Criminals thrive on inconsistency. In the world of anti-money laundering (AML), gaps in jurisdictional oversight, fragmented reporting frameworks, and variable regulatory standards create opportunities that are routinely exploited.
According to Conisilient, even within regulated institutions, weak internal controls or limited visibility across borders allow illicit funds to slip through unnoticed. Transactions flagged in one country can easily go unchecked in another, while discrepancies in ownership disclosure and information-sharing protocols form blind spots that criminals rely on as entry points—not as fallback options.
Regulatory bodies are now moving to close these gaps. In recent years, collaboration between financial intelligence units (FIUs), supranational authorities, and national regulators has begun to take shape. Tools such as FATF evaluations, bilateral memoranda of understanding (MoUs), and the forthcoming EU Anti-Money Laundering Authority (AMLA) point to a more coordinated system of oversight. But aligning policy is only part of the solution. What’s needed is a secure and scalable infrastructure for sharing intelligence—without compromising local control of sensitive data.
Fragmentation remains the biggest weakness in the current system. Cross-border financial crime exploits variations in enforcement, disclosure thresholds, and reporting requirements. Criminal networks plan their activities around these weak spots. Funds are funnelled through offshore entities, high-risk payment service providers (PSPs), crypto platforms, and nested correspondent accounts. Without real-time, shared insight into these flows, AML defences fail to capture the full picture.
But there is progress. The EU’s AMLA will begin direct supervision of high-risk financial institutions across the bloc by 2026, enforcing consistent standards across member states. The Egmont Group, now connecting over 160 FIUs globally, is stepping up its operational role in coordinating cases and sharing typologies. Bilateral MoUs between G7 nations are also accelerating intelligence sharing on crypto risks, sanctions violations, and offshore transactions. Meanwhile, capacity-building initiatives from FATF and the UNODC are strengthening the AML infrastructure in lower-capacity jurisdictions.

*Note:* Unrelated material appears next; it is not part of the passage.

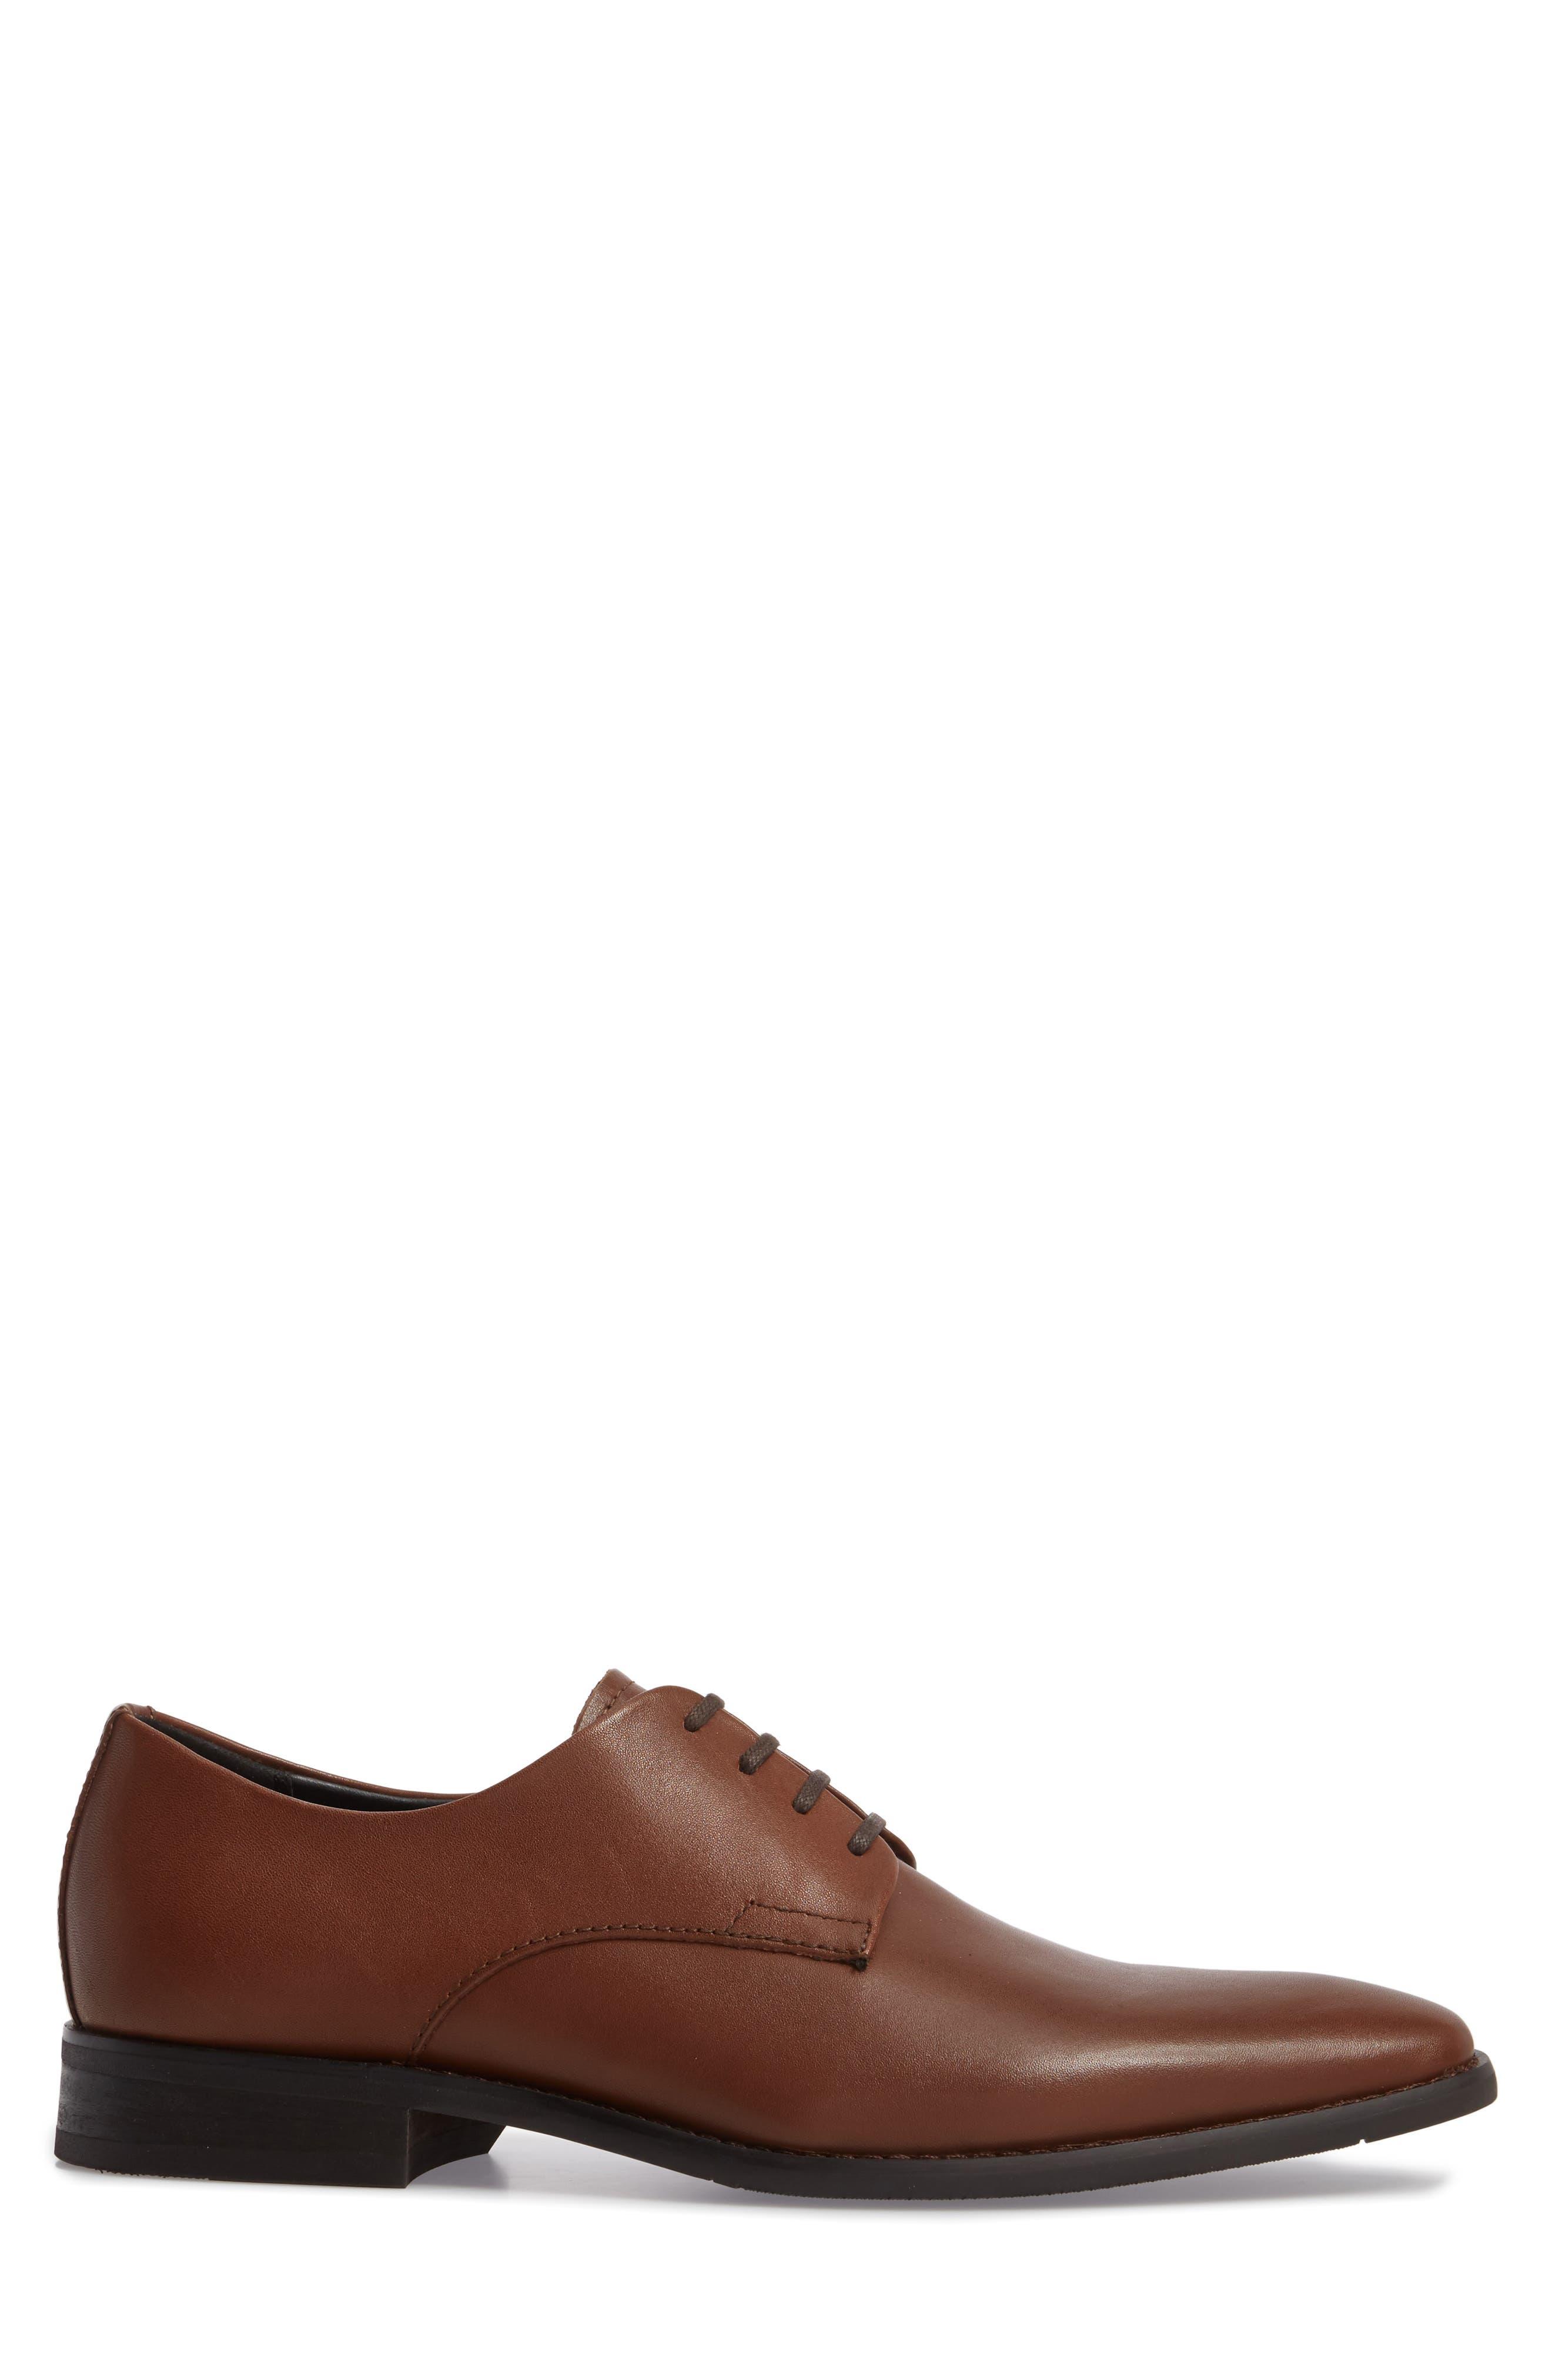 'Ramses' Plain Toe Derby,                             Alternate thumbnail 3, color,                             Tan Leather

While these measures are promising, practical collaboration still faces significant obstacles. Many financial institutions and regulators operate on outdated, closed systems that cannot exchange data securely. Even when there is willingness to collaborate, legal and reputational concerns around data sharing frequently derail efforts. Asymmetries in regulatory maturity create further vulnerabilities, while inconsistent expectations around AI model governance erode trust in shared outputs.

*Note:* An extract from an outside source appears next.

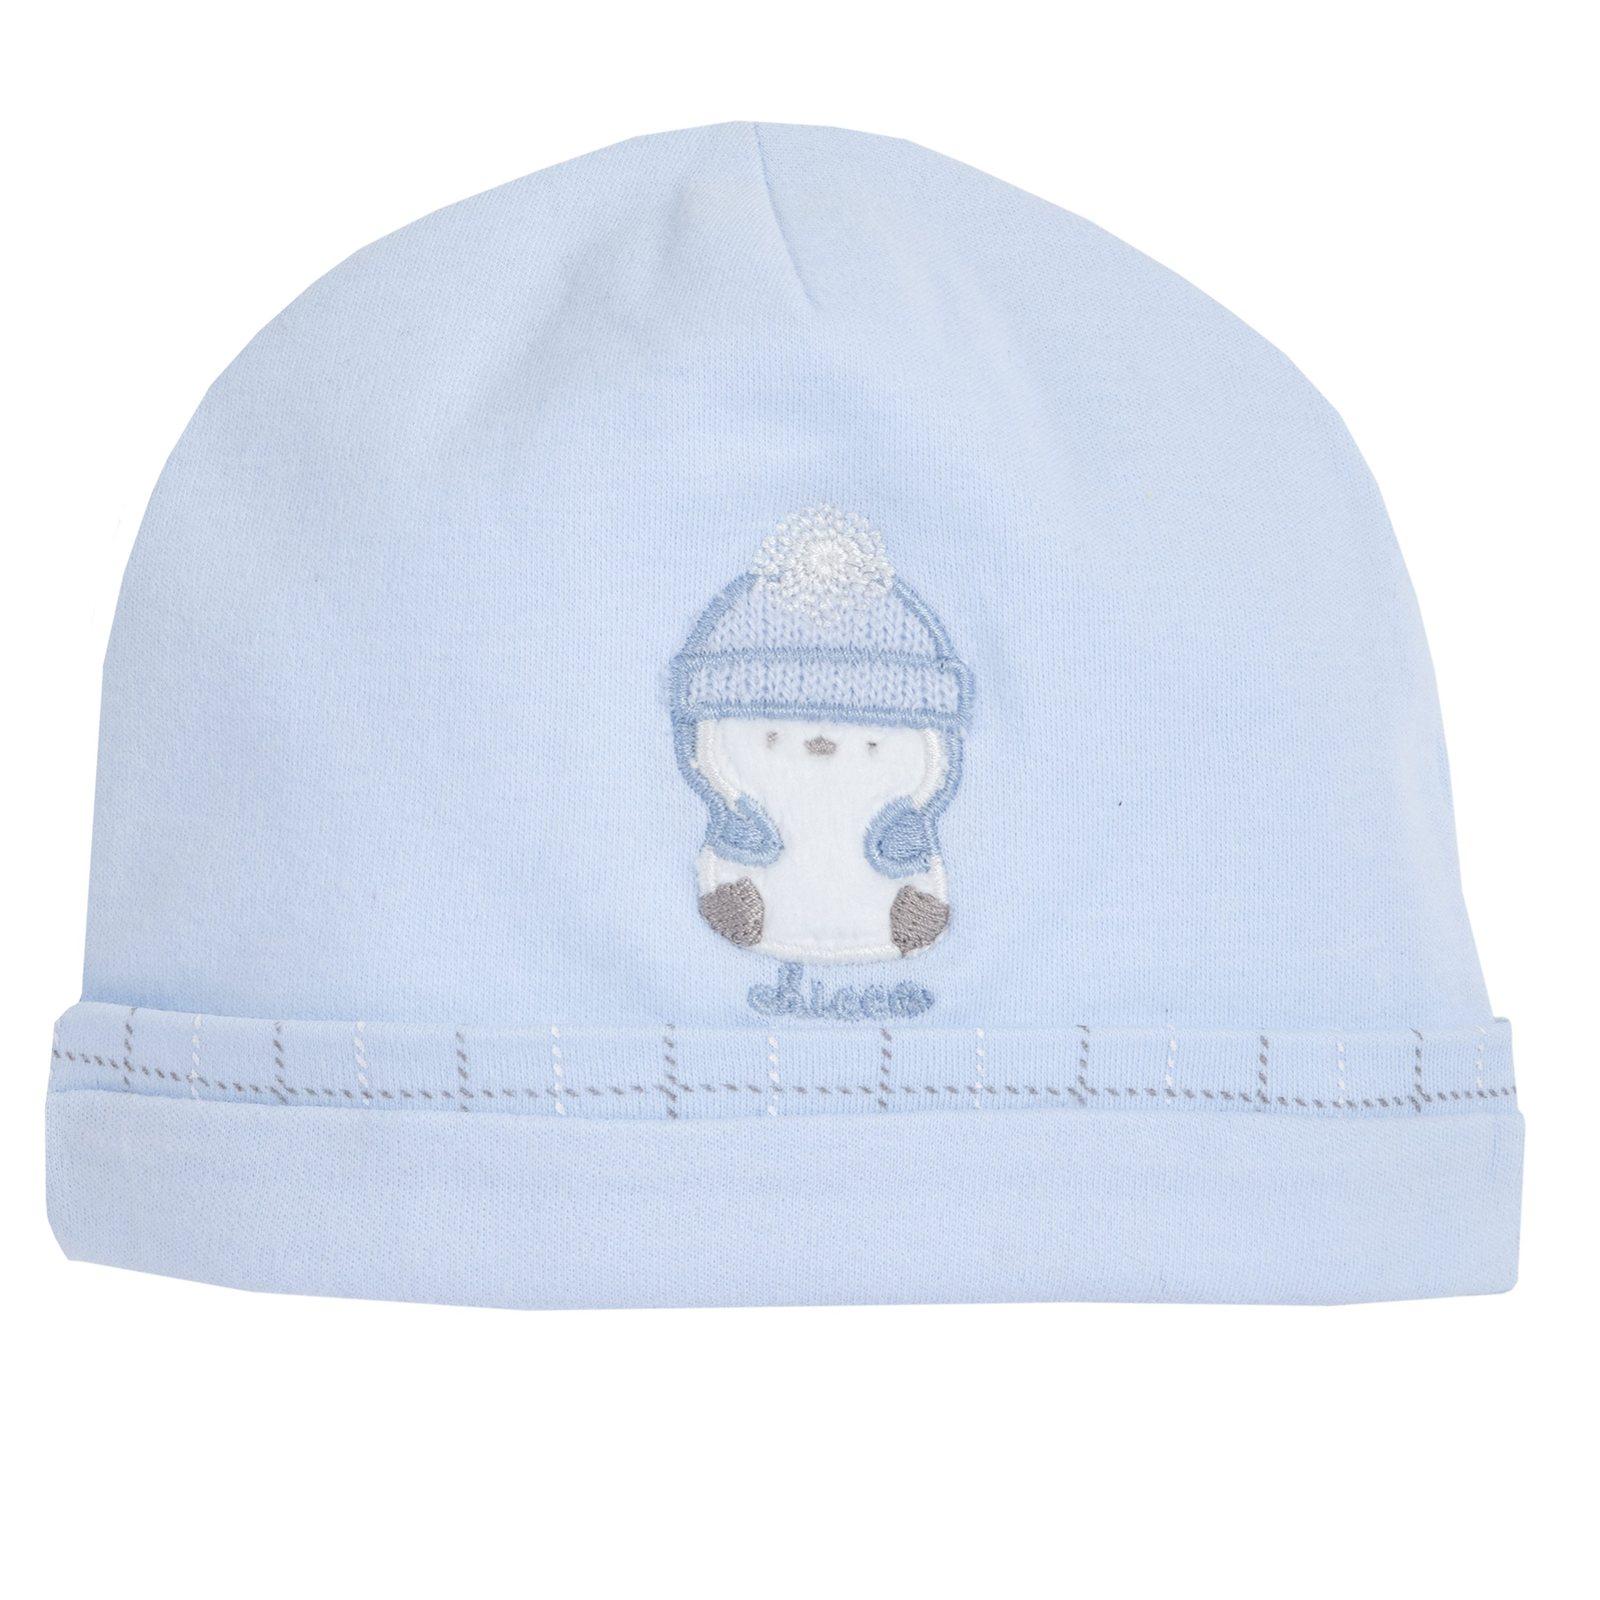 on sale a588a af1d4 Cappello con pinguino

Even with the political will in place, real change is hard. Data privacy laws, strained resources, and conservative attitudes towards change all contribute to the slow pace of progress. In some cases, institutions are simply too overwhelmed by day-to-day compliance demands to invest in building scalable solutions. Legacy technology, still widely in use, makes the process even more cumbersome.

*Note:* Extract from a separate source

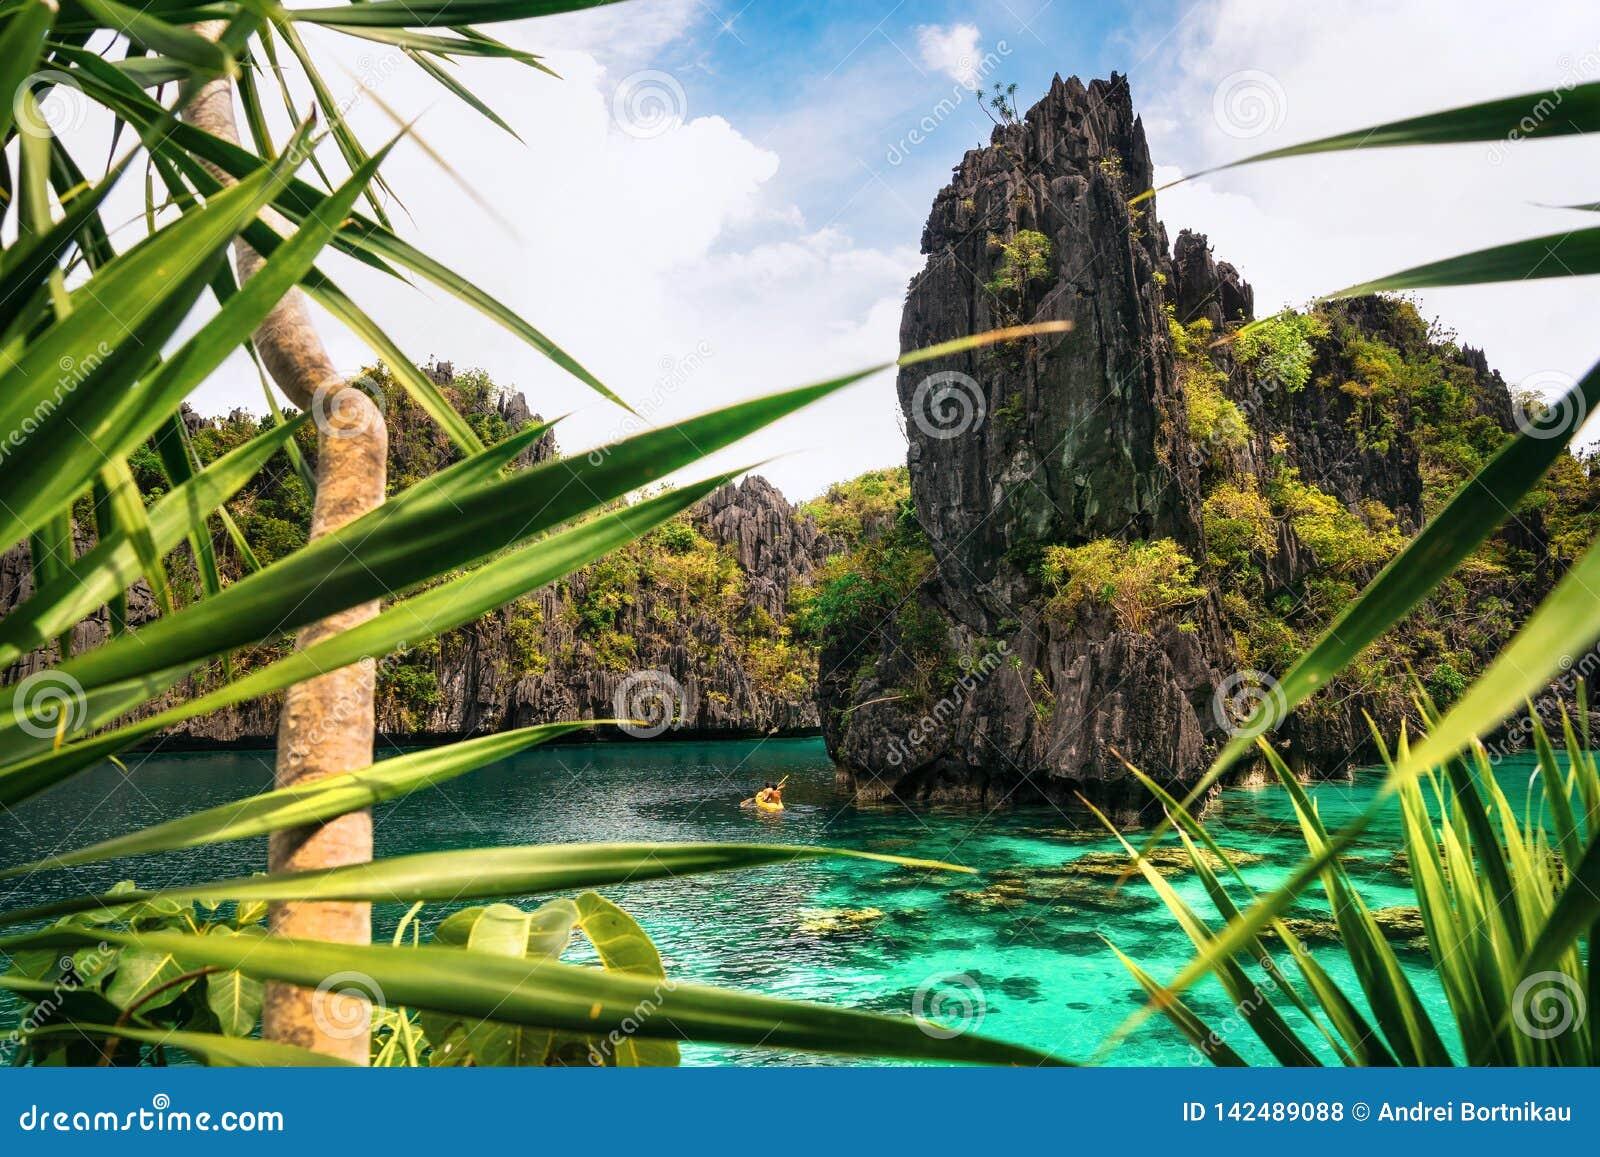 Kayak In The Big Lagoon El Nido Palawan Philippines Stock

Despite these barriers, real-world examples offer hope. The Netherlands’ Transaction Monitoring Netherlands (TMNL) project has demonstrated what’s possible when banks collaborate. The Egmont Group could evolve into a central hub for global AML coordination—if supported with the right mandate and tools.
What AML needs now is not just alignment, but infrastructure designed for collaborative intelligence. This is where Federated Learning comes in. Unlike traditional data-sharing models, Federated Learning enables institutions and regulators to train AI models across separate environments without moving any data. Each participant retains full control of their data, while benefiting from shared learning at scale.
The impact is tangible. One major US bank using Federated Learning saw a 75% improvement in efficiency and identified four times as many relevant risks compared to its existing system. The approach allowed the institution to detect threats that its siloed infrastructure had missed.
Consilient is at the forefront of this shift, offering pre-trained, explainable models that operate across secure, regulated environments. These models empower financial institutions to improve detection and compliance while preserving privacy. Supervisors gain deeper insights without added complexity. It’s a practical, proven solution to a longstanding global challenge.
As AML regulation continues to evolve, the path to meaningful cooperation will depend on more than policy. It will require systems built to collaborate—securely, flexibly, and without compromise.